Según se puso de relieve en el congreso gaditano, prácticamente la mitad de los habitantes del mundo son bilingües, y un mal manejo de esta situación en los sistemas educativos puede acabar en diglosia, con el perverso efecto de que el hablante bilingüe se exprese mal en los dos idiomas. En España la gestión de la Generalitat de Cataluña se inscribe en la lista de quienes promueven un nacionalismo lingüístico excluyente. La no aceptación del castellano como lengua vehicular en la educación, (¡no digamos la prohibición de que los alumnos hablen en español en los recreos!), evoca las políticas del franquismo contra el uso del catalán y vulnera los derechos de aquellos estudiantes que tienen el castellano como lengua materna. Sin embargo, no fue esta una preocupación de nuestro Gobierno a la hora de anunciar su particular cruzada en defensa del castellano.
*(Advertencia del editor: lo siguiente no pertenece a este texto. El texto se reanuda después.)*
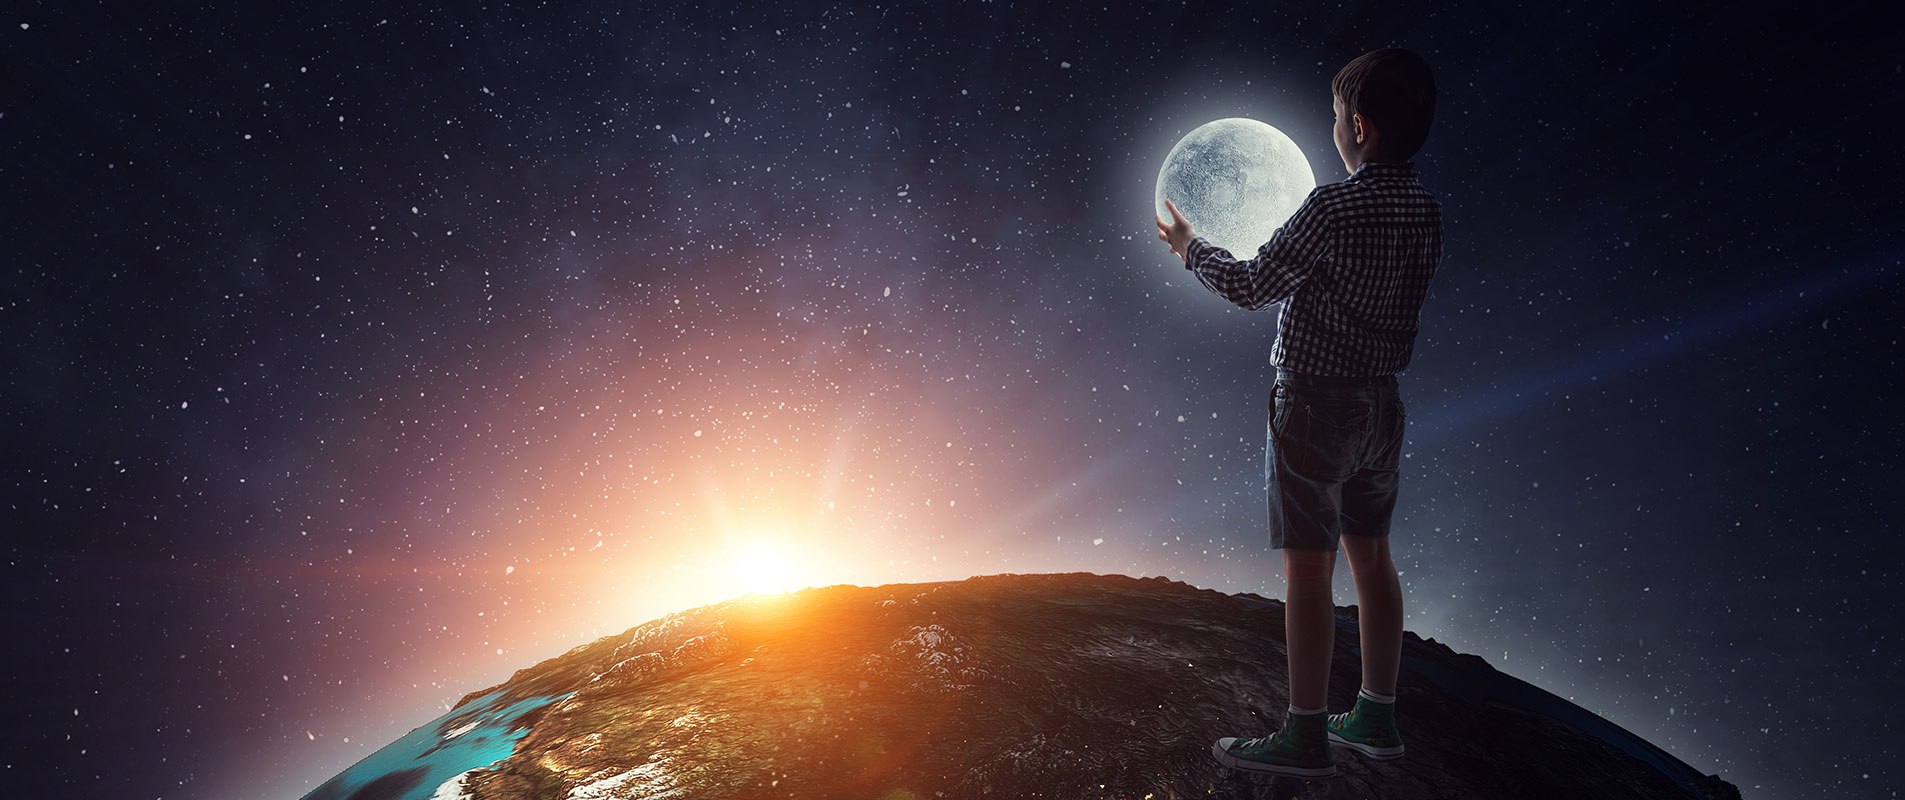 Concept image of boy standing on earth, holding moon

El congreso puso justamente el acento en el cambio anunciado por la sociedad de la información. Nos encontramos ante una nueva civilización. Las transformaciones que ya ha producido, y las que seguirán, tendrán un mayor impacto en la vida de las gentes que los cambios generados por el invento de Gutenberg y las lenguas se han visto afectadas ya de manera extraordinaria. No solo en su morfología, sintaxis, reglas gramaticales y ortográficas.
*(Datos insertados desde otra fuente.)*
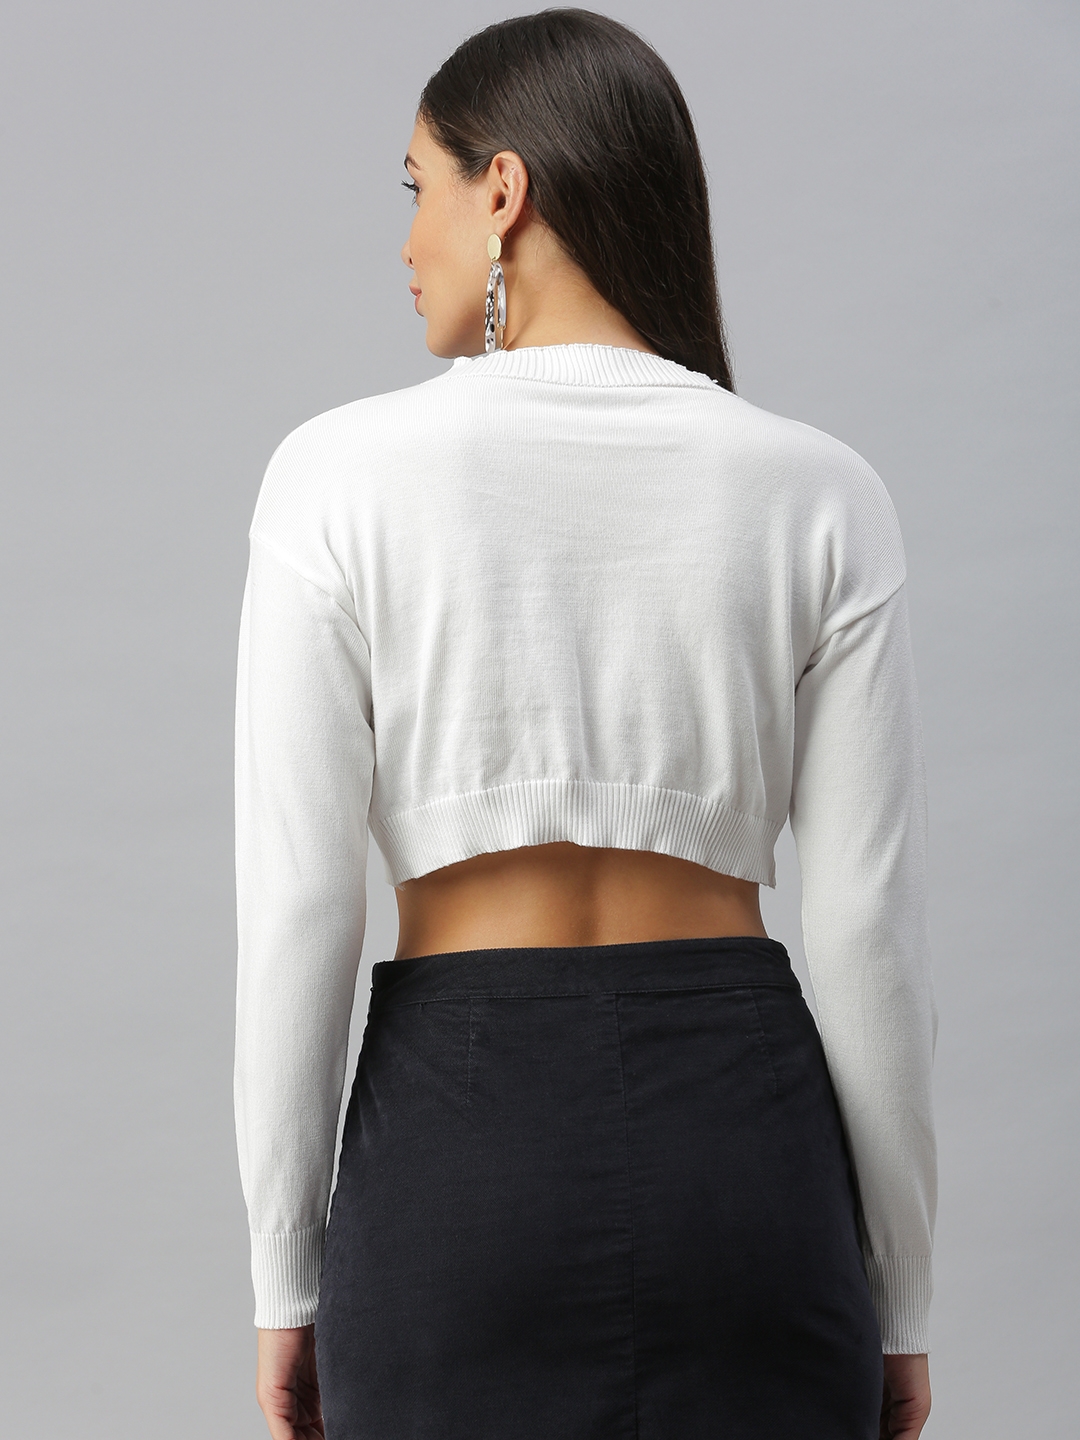 Women's White Acrylic Solid Tops

El inglés se ha convertido en la herramienta universal para el uso de internet y los intentos de sustituirlo o de competir con él, después de décadas de su reinado casi en monopolio, parecen destinados al fracaso. Las masas no alfabetizadas se han incorporado al nuevo lenguaje de los símbolos y emojis. Más de 5.000 millones de personas enganchadas a la Red conviven en un nuevo universo que ni dominamos ni comprendemos, en cuya prehistoria vivimos aún, esperando a que la implantación generalizada de la inteligencia artificial permita a los robots competir con las personas y a estas convertirse en robots. ¿Cómo habrá de influir este proceso en la gramática y la ortografía castellanas, cuando la marginal discusión sobre las tildes se ha convertido en tema tan crucial? Hasta hay quien se pregunta por el futuro de la ñ, o qué hacer con la uve doble, incorporada a nuestro abecedario hace solo 50 años y cuyo nombre ni siquiera está fijado, pues se llama “doble u” o “doble be” en según qué países americanos. Invito a los lexicógrafos a abrir un debate al respecto aunque en el siglo de la web, en la civilización de la www.com, terminaremos por estar obligados a reconocer la españolidad de una letra extranjera, que se llama y pronuncia de manera diferente dependiendo de si las pocas palabras en que se emplea tienen origen germánico, polaco, holandés o inglés.

Finalmente, ante los debates sobre el presente y futuro de nuestra lengua recordemos una vez más que su autor es el pueblo y no los burócratas. La unidad del español no abomina de la diversidad dialectal y está encomendada desde hace siglos a la sociedad civil: escritores y académicos. Trasciende fronteras, ideologías y órdenes ministeriales. Eso permite a latinoamericanos y españoles sentirnos parte de una misma cultura, una misma historia y un destino común.